Segment Open

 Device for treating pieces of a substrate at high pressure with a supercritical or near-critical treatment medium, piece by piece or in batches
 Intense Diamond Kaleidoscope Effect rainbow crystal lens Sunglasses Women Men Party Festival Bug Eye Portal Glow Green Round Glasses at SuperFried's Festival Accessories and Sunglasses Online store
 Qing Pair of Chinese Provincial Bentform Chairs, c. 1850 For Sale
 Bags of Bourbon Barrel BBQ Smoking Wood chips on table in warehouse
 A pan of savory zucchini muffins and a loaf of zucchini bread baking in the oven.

Segment Closed

* What you need to do
Repeat the lines from the one containing "Bags of Bourbon" through the end of the listing, exactly and without any other lines; both ends are included.

* Exercise result
 Bags of Bourbon Barrel BBQ Smoking Wood chips on table in warehouse
 A pan of savory zucchini muffins and a loaf of zucchini bread baking in the oven.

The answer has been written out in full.